Assets. There aren’t enough assets of a long duration.


Why does this matter?


The US institutional investor is obsessed with rates and spreads. They don’t factor in inflation at all - which is the primary reason the investment side of pension investing has struggled to match the liabilities - they aren’t being matched.


Miami’s Fountainbleu resort recently hosted ABS East - a massive circus of fund managers, asset originators and ‘asset allocators’ - people that work to invest the money of pension funds and insurance balance sheets.


Rates had recently gone up and so asset origination was massively done - who is going to refinance at a higher rate? The answer is not a lot of people.


But this wasn’t the real problem in the room. Everything on offer was short duration: mostly 1-3 year, some 5-7 year.

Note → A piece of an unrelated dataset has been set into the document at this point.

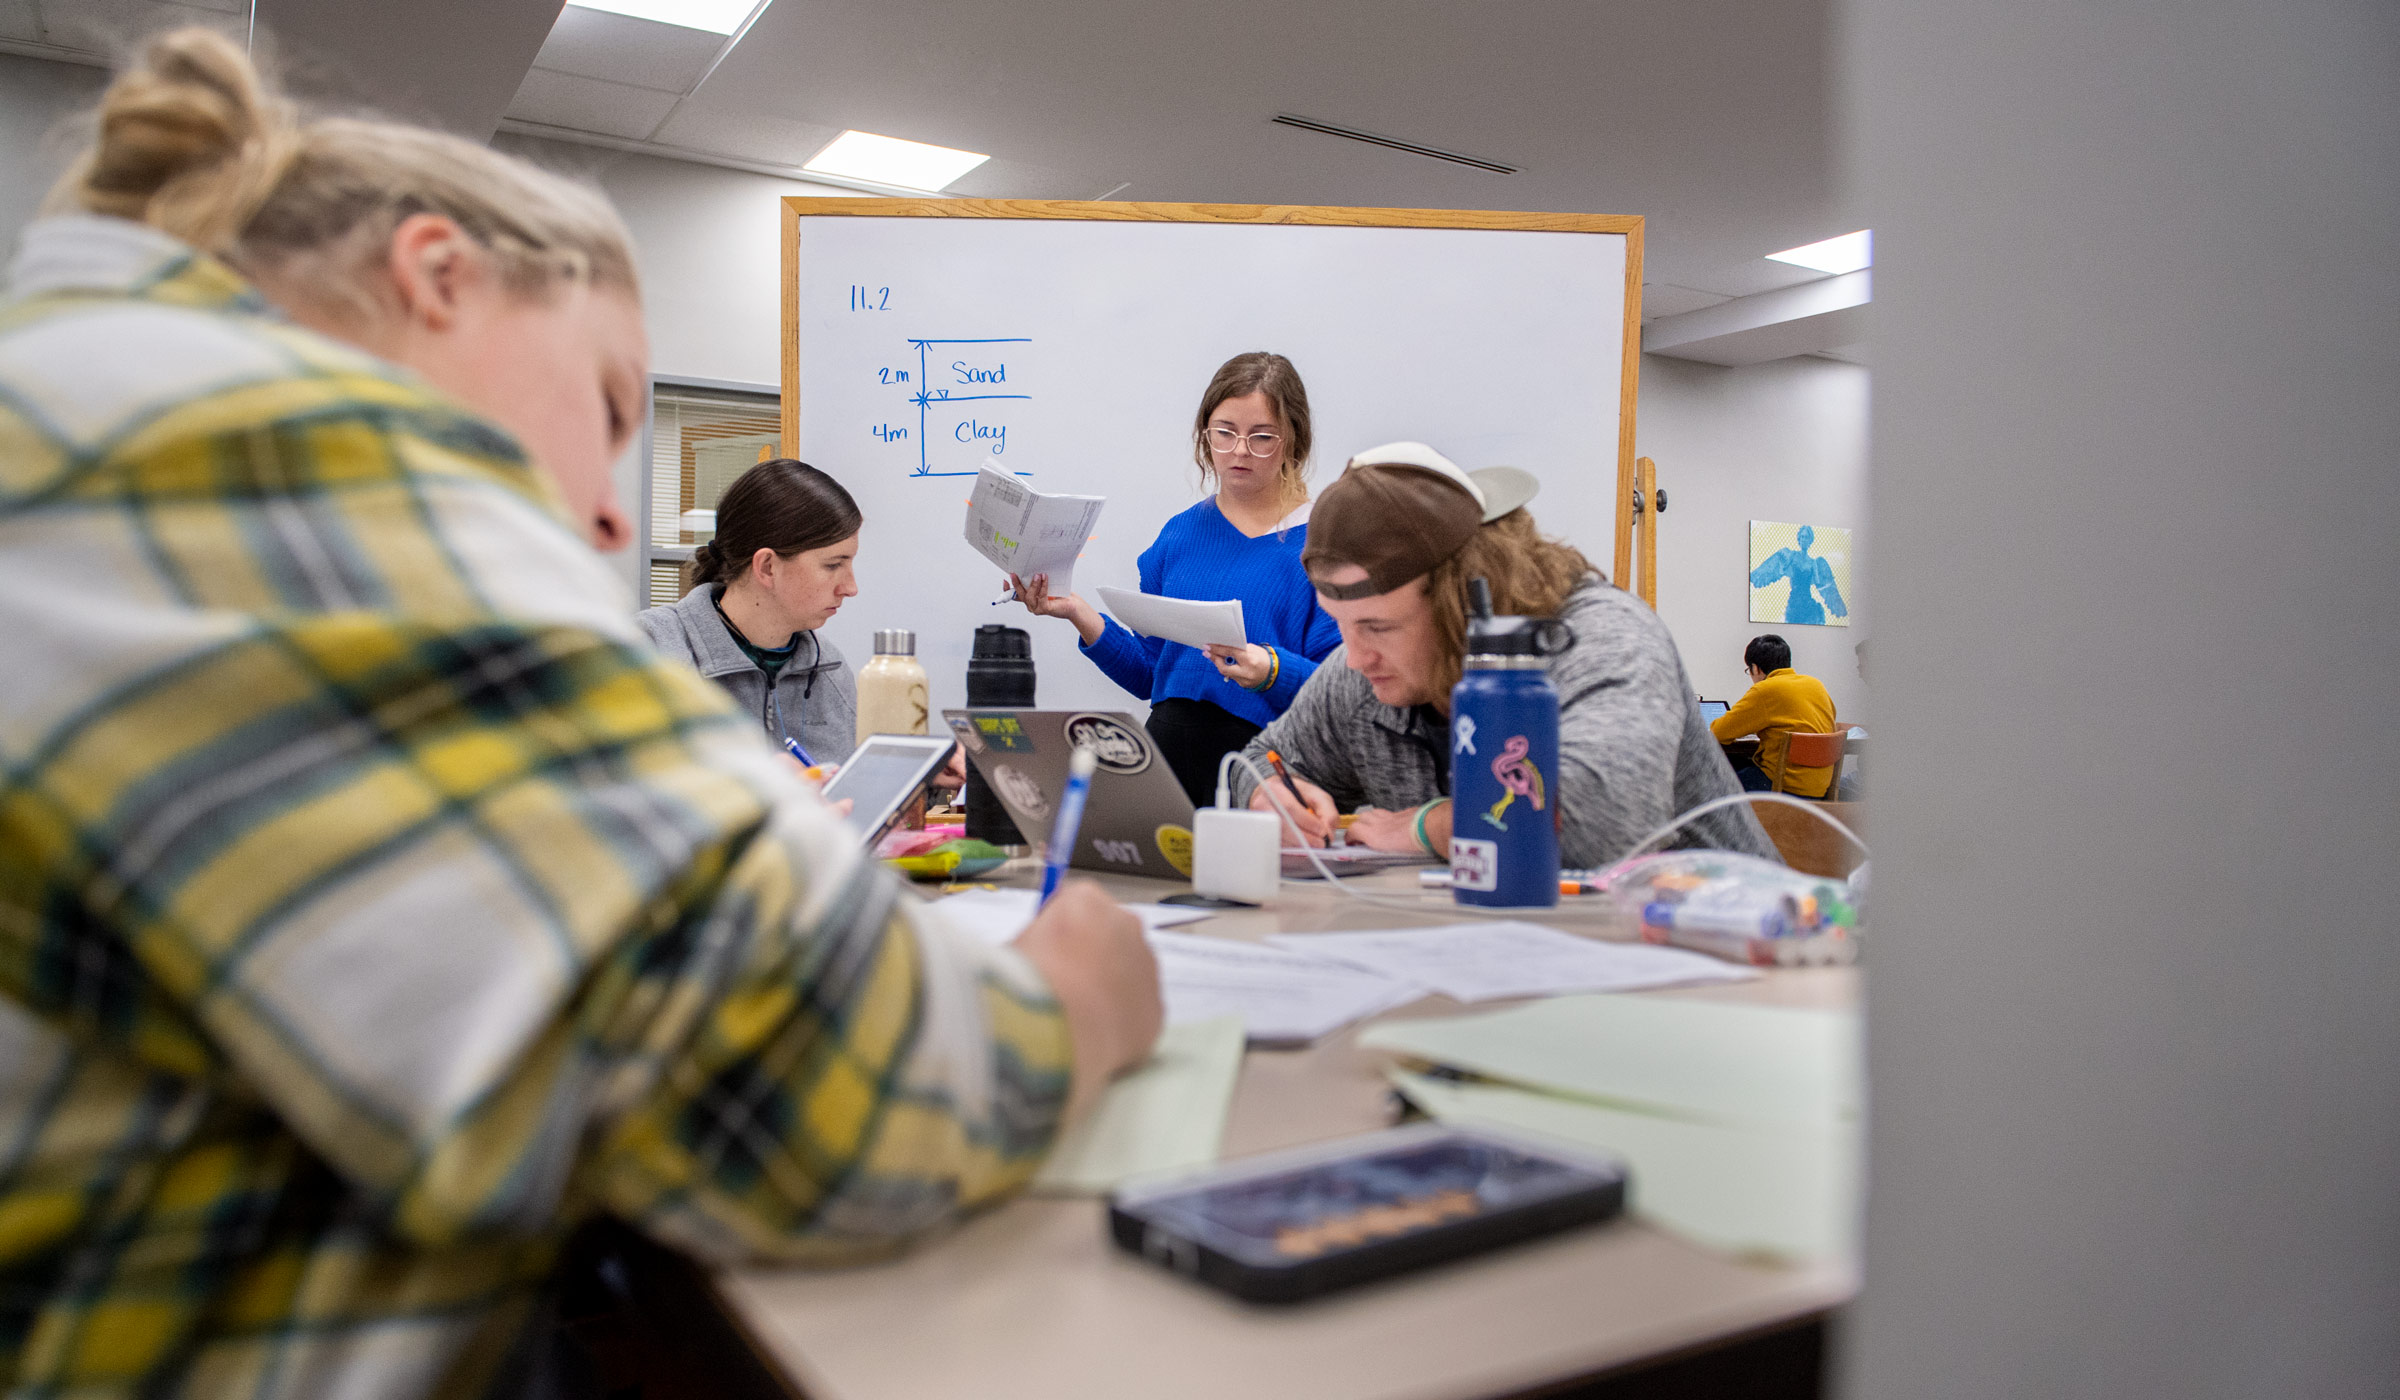 A group of students concentrates on their study materials around a table while one in blue readies to write on a whiteboad beyond.

If a pension funds’ liabilities are 15+ years, then these assets pose a systemic asset-liability matching risk.


For the Pension Risk Transfer business to take on these liabilities (and not lose money) there needs to be assets to originate that match these long liabilities.


So what happens is a lot of large PRT businesses compete for the few pension funds with short-dated liabilities, because those are the assets they can originate.


The majority of pension fund sponsors - seeking pension risk transfer - receive a price that just doesn’t seem economical. It’ll cost them too much, because the insurer taking on the risk can’t attractively price longer dated liabilities, because they cannot source long-duration assets.


The likes of Brookfield do this very well - with a strong track record of super long duration asset origination. Macquarie, which has a strong global footprint, is well placed to offer asset origination at longer durations to a large and growing number of Pension Risk Transfer businesses.


And of course, this is why Graceful has been pushing on an open door with its Home Pension range of products - allowing institutional investors to create an ideal biometric hedge between Graceful’s Home Pension customers and the age of pension fund members/insurance policy holders.


This ideal longevity hedge comes with the natural characteristics of single family residential: a great long-term inflation hedge and inflation-linked income. 


But the Graceful advantage is these homes are occupied by older Americans who love their homes and intend on living there for the rest of their lives - delivering zero vacancy risk and the ability to invest in homes in prime areas across the US (vs the $200k-$300k lower value homes bought by traditional Single Family Rental investors).


There’s $11 trillion of home wealth owned by people over the age of 62 in the US - the vast majority who would like to age in place and meaningfully supplement their retirement income.